I took Bradley to his cousin’s second birthday today. He was in a bad mood because he refused to take a nap today and he has been ill for the past week or so. I don’t know what his problem is. He falls in the floor, kicking his feet like a crazy little man. Now he has this screech, that he lets out when he doesn’t get his way. FYI: He turns two on Christmas Eve this year. So I know about the terrible two’s it’s just hard to handle after working all week and trying to rush around for a birthday party with your child breaking the birthday present in half and laughing about it, really? What happened to my sweet boy? He appears a few times a day but this evil disease of the terrible two’s has crept in and took over my sweet baby.
Anyway, today at the birthday party, I noticed how we force our kids to rush through a sea of presents all at the same time, refusing to give them a break to enjoy what they just pulled out of the sponge bob wrapping paper. They are commanded to take a quick look then put it away and keep digging for more, and more, and more. We force them to dig for more and more presents resulting in the expectation to always keep digging there might be more (and more). No wonder they appreciate the small amount of gifts. They have been taught to always expect more, just keep digging.

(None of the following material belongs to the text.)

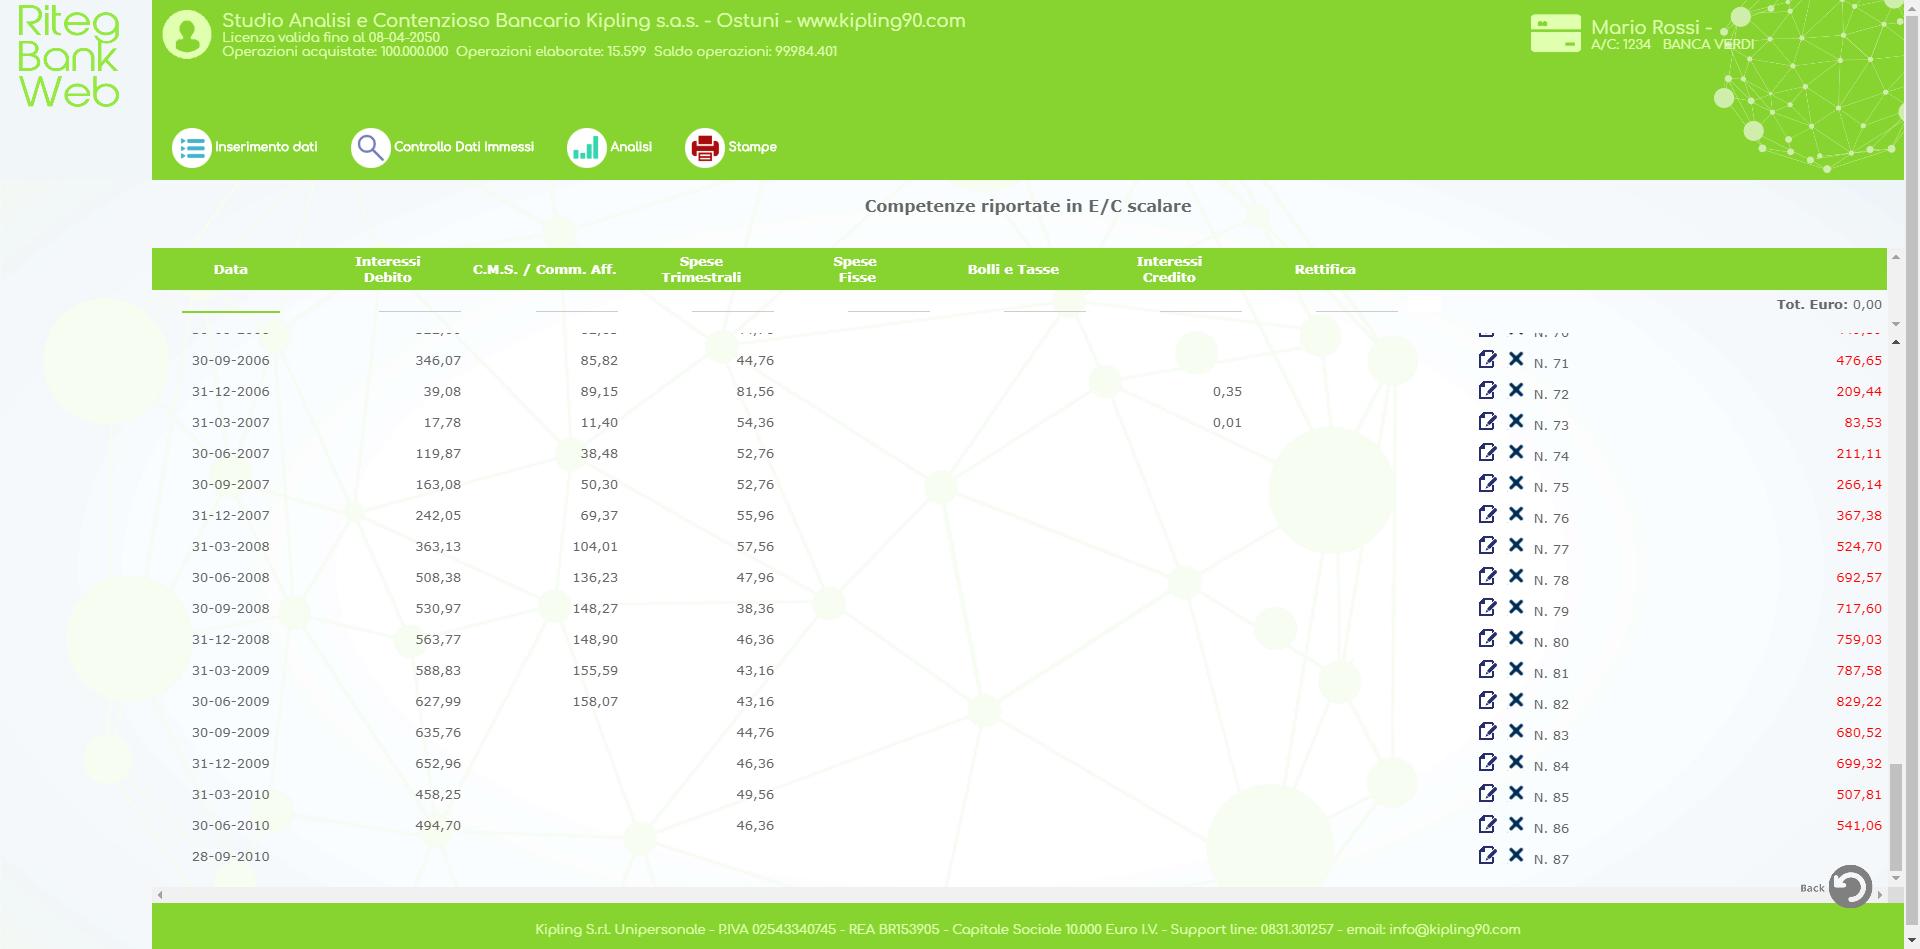 Riteg Bank Web - Inserimento competenze
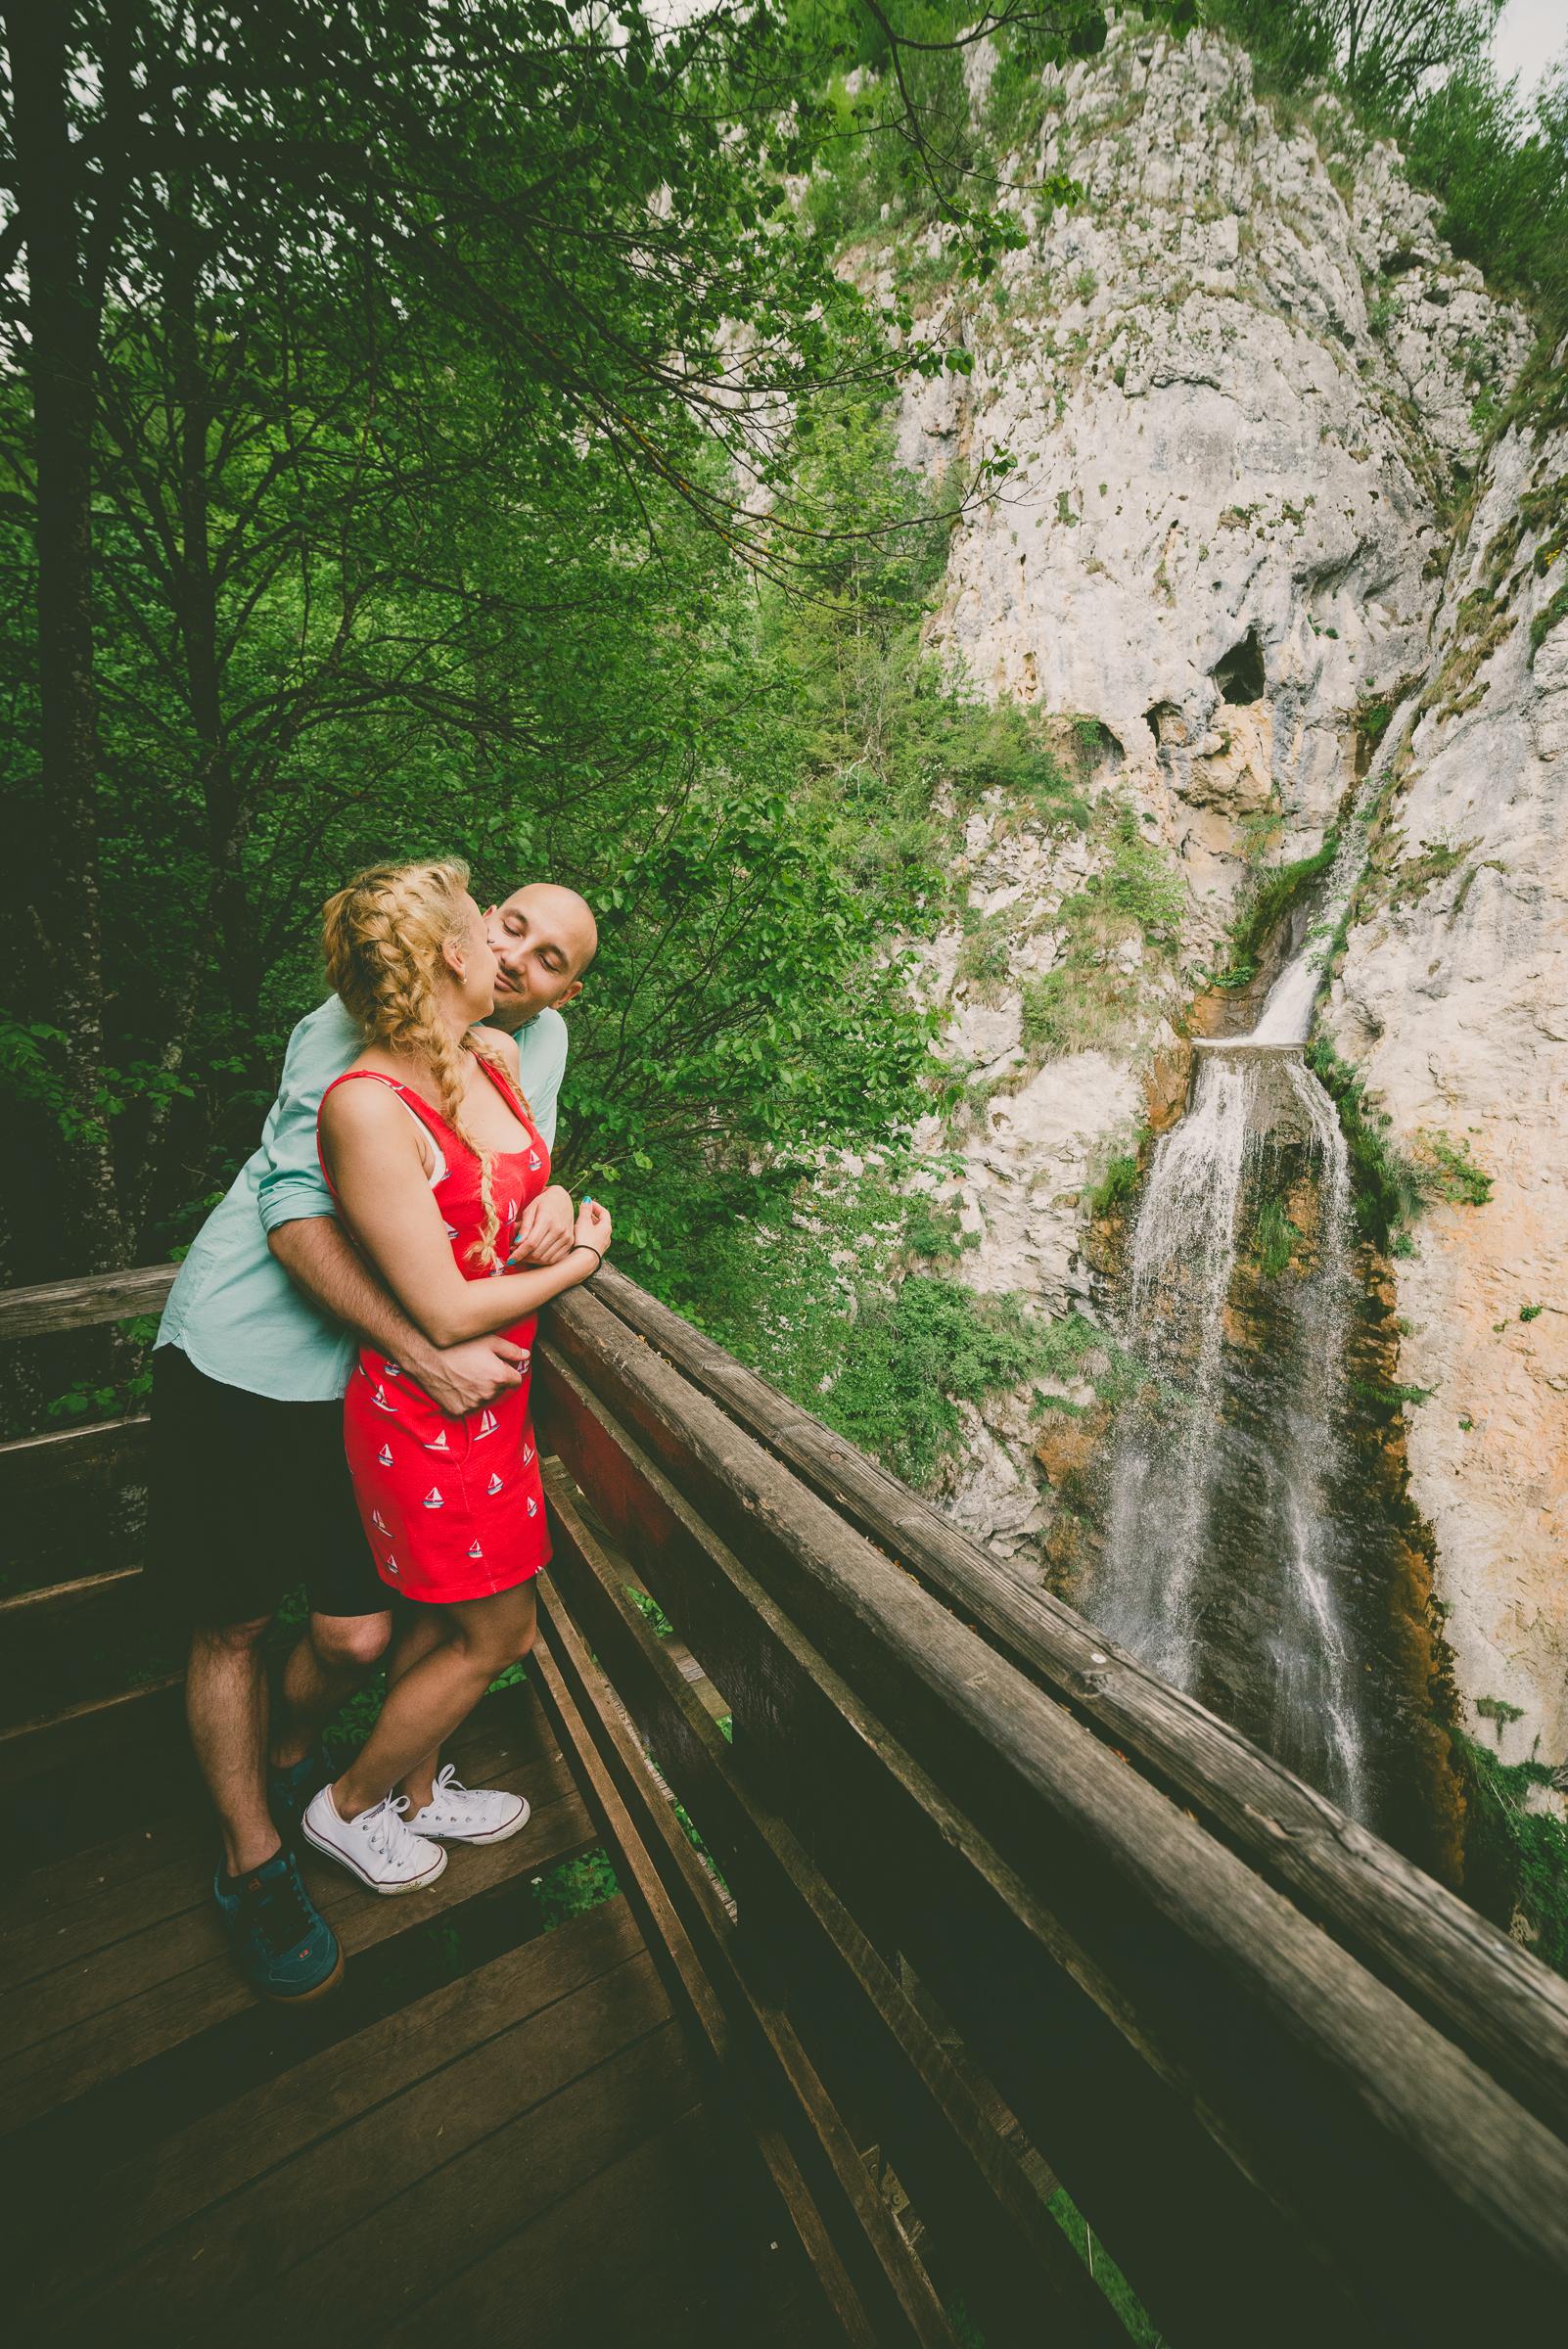 Fotografie de logodna in aer liber

Side note: I have realized that I was doing the same thing. I train Bradley is always get a balloon at the Dollar Store rather than fighting with him about it in the store. It’s only a $1, right?
So as I sit here thinking about the fact that I already scheduled an appointment to talk to the Children’s Museum for Bradley’s birthday this year in my Blackberry, I was just as guilty. I was planning my child’s second birthday party at the museum, lavishing him with presents to make my guilt for being a working mom and not sending (what I feel) enough time with him.
I just realized that he will always expect this, every year, even if we are broke. If I train him now with a huge party and lots of toys, he will always expect a lot of things. As he gets older, there will be less digging to do because he’s toys will get more expensive so the number of individuals will decrease, will his happiness with his parents income level decrease as well?
Hopefully not, but it is something to ponder.
Side Note: Bradley jumped right into his cousin’s little power-wheels when we were at the party. He knew what he was doing and picked a huge fit when I made him get out. Secret: I definitely don’t fill guilty now about the one I put on lay-a-way last week! Go Mom!